FCC's E-Rate program dedicates $450M to support broadband in schools, libraries
The FCC's E-rate program has committed $450 million to support funding for libraries and schools, which it says is six times the amount approved at this time last year by program administrator Universal Service Administrative Company (USAC).
In addition to other communications services, the USAC has allocated a total of $607 million in this first round of funding for 2014.
Among some of the projects that have been funded thus far include a statewide consortium in Maine that will provide gigabit fiber connections to 28 library sites, and in Indiana, E-rate will help support 2.5 gigabit Internet access for 21 sites near Indianapolis in the Warren Township Metropolitan School District.

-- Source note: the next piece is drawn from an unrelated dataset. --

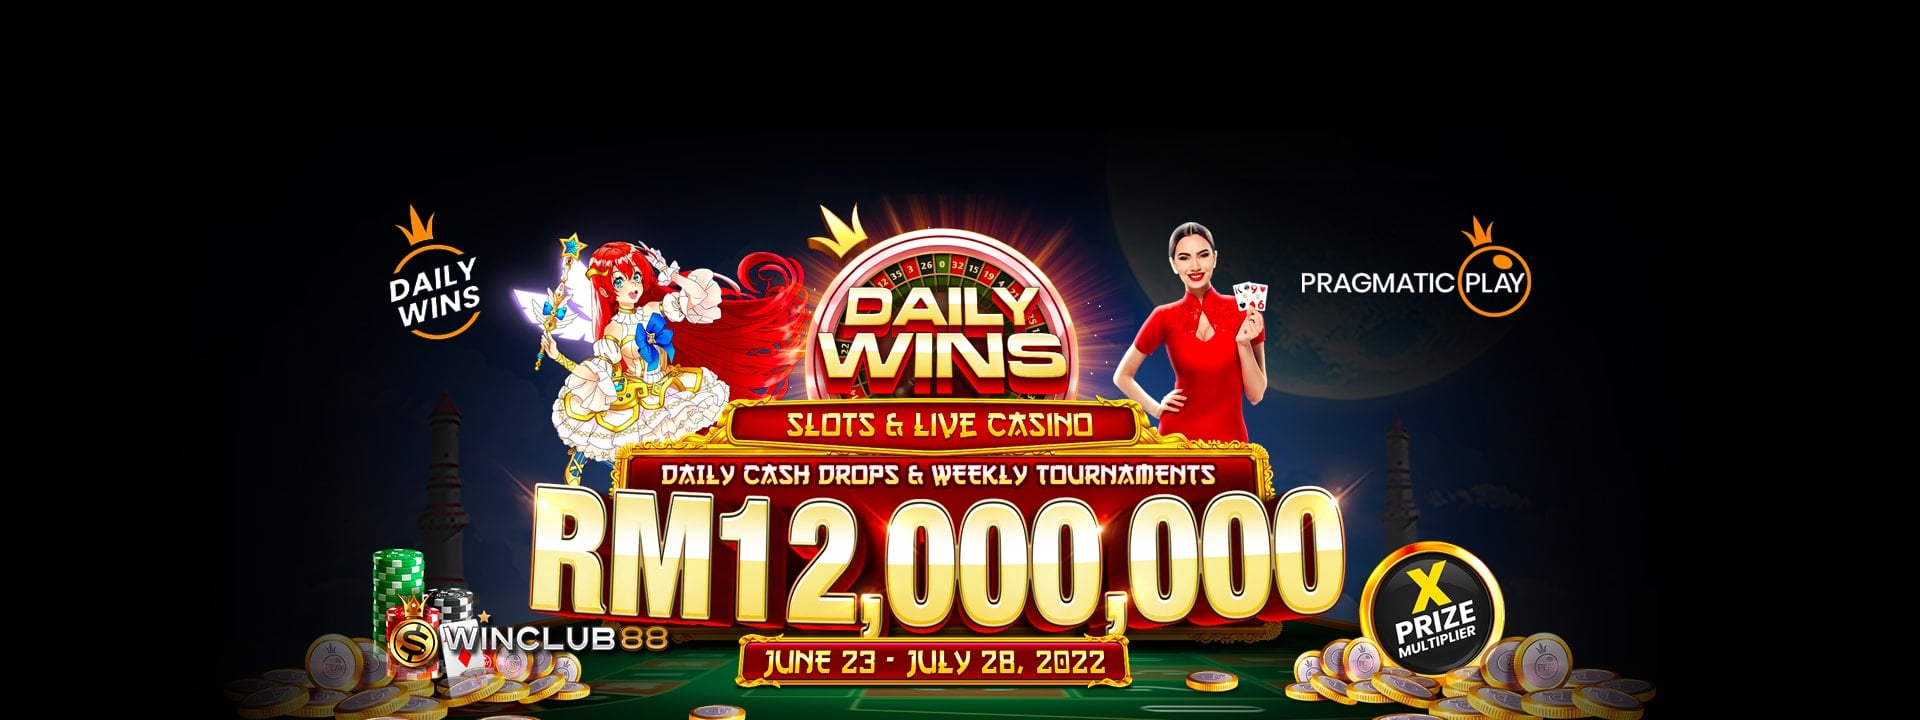 Games Slots Online Malaysia and Live Casino Malaysia Tournament 2022

E-Rate has become one of the key issues at the FCC. The regulator is in the process of reviewing how to modernize the E-rate program with a particular focus on increasing access to broadband.
Although the 18-year-old E-Rate program has connected 97 percent of U.S. libraries and schools to the Internet, many of those connections have not kept up with the times.

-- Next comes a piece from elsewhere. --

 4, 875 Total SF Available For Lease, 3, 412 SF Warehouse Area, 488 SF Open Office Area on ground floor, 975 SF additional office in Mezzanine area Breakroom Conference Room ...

According to a American Library Association survey, one-quarter of libraries still have broadband speeds of 1.5 Mbps or less, and only 9 percent of libraries have speeds of 100 Mbps or greater.
FCC Commissioner Jessica Rosenworcel echoed the need for higher speed broadband connections at schools and libraries during the Chief Officers of State Libraries meeting earlier this week.

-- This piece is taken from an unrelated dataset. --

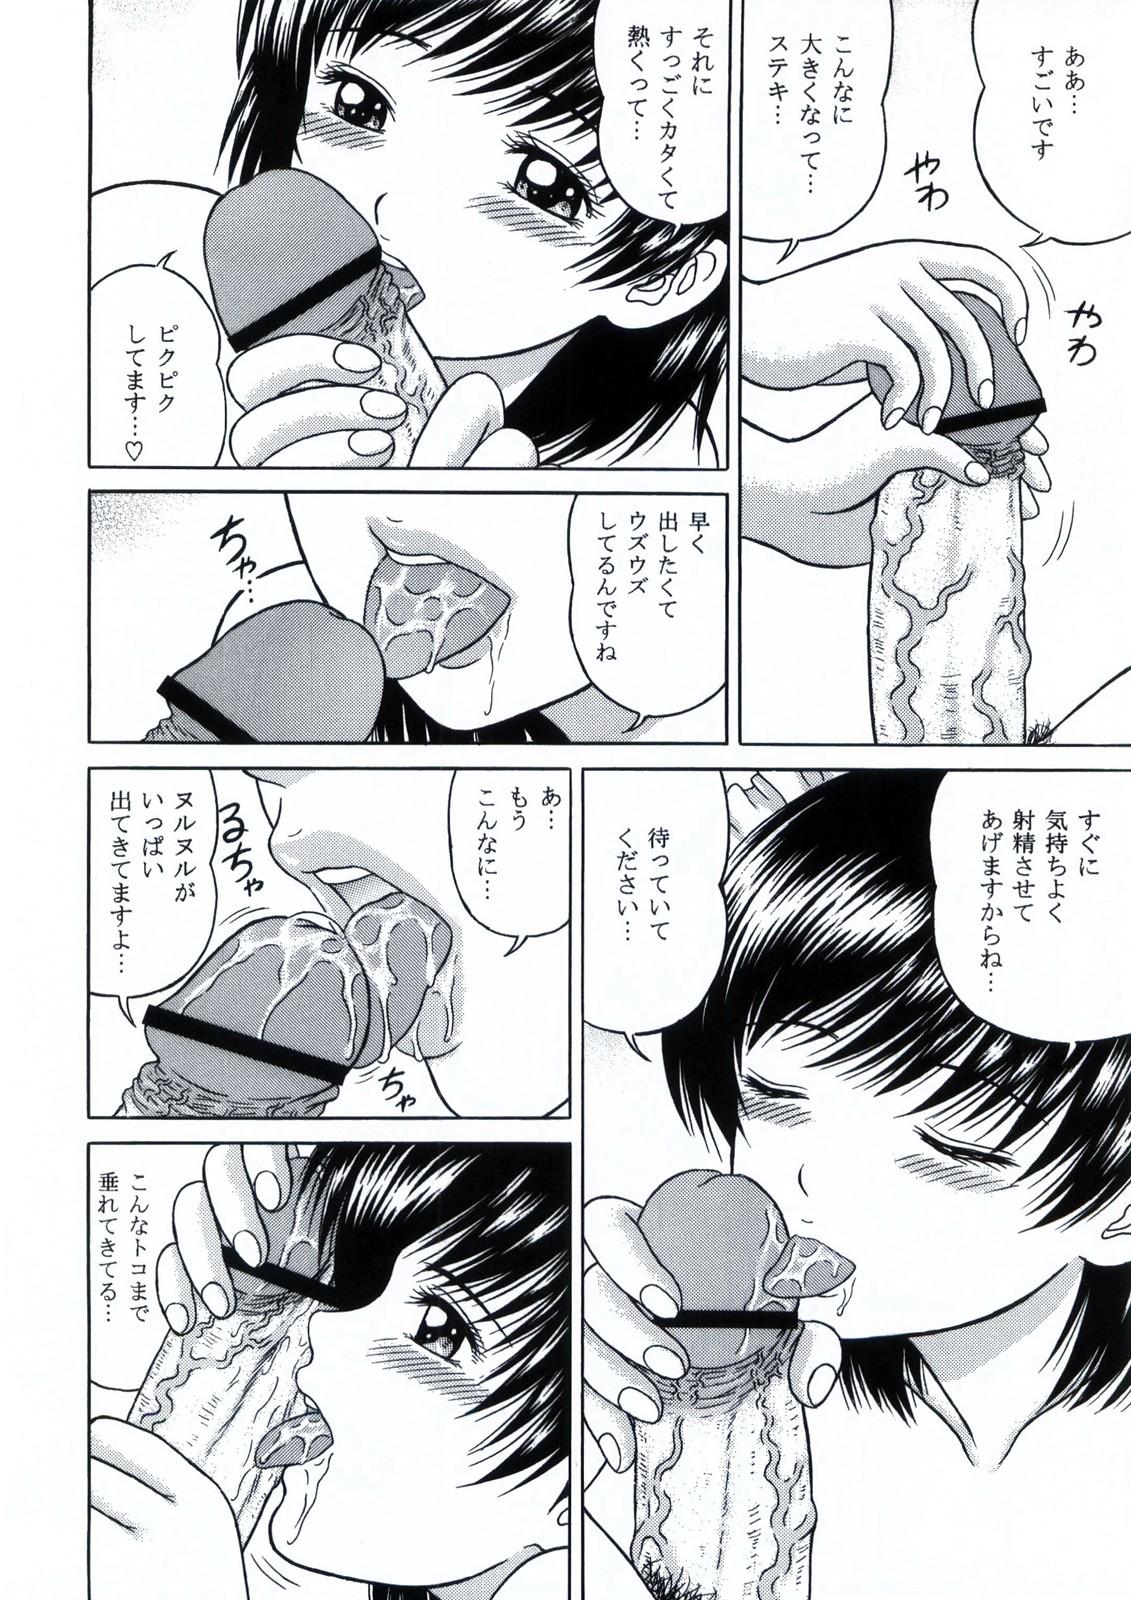 Sesso ANGEL SMILE VOLUME:0 Riding - Page 6

"Our records suggest that 80 percent of schools and libraries believe their broadband connections do not meet their current needs. Eighty percent," Rosenworcel said. "So let's be honest. Those needs are only going to grow. Nationwide, in nearly two-thirds of communities, libraries are the only place people can access the Internet for free. Libraries have reported to the FCC that every year they see more and more requests to use public access computers and get online."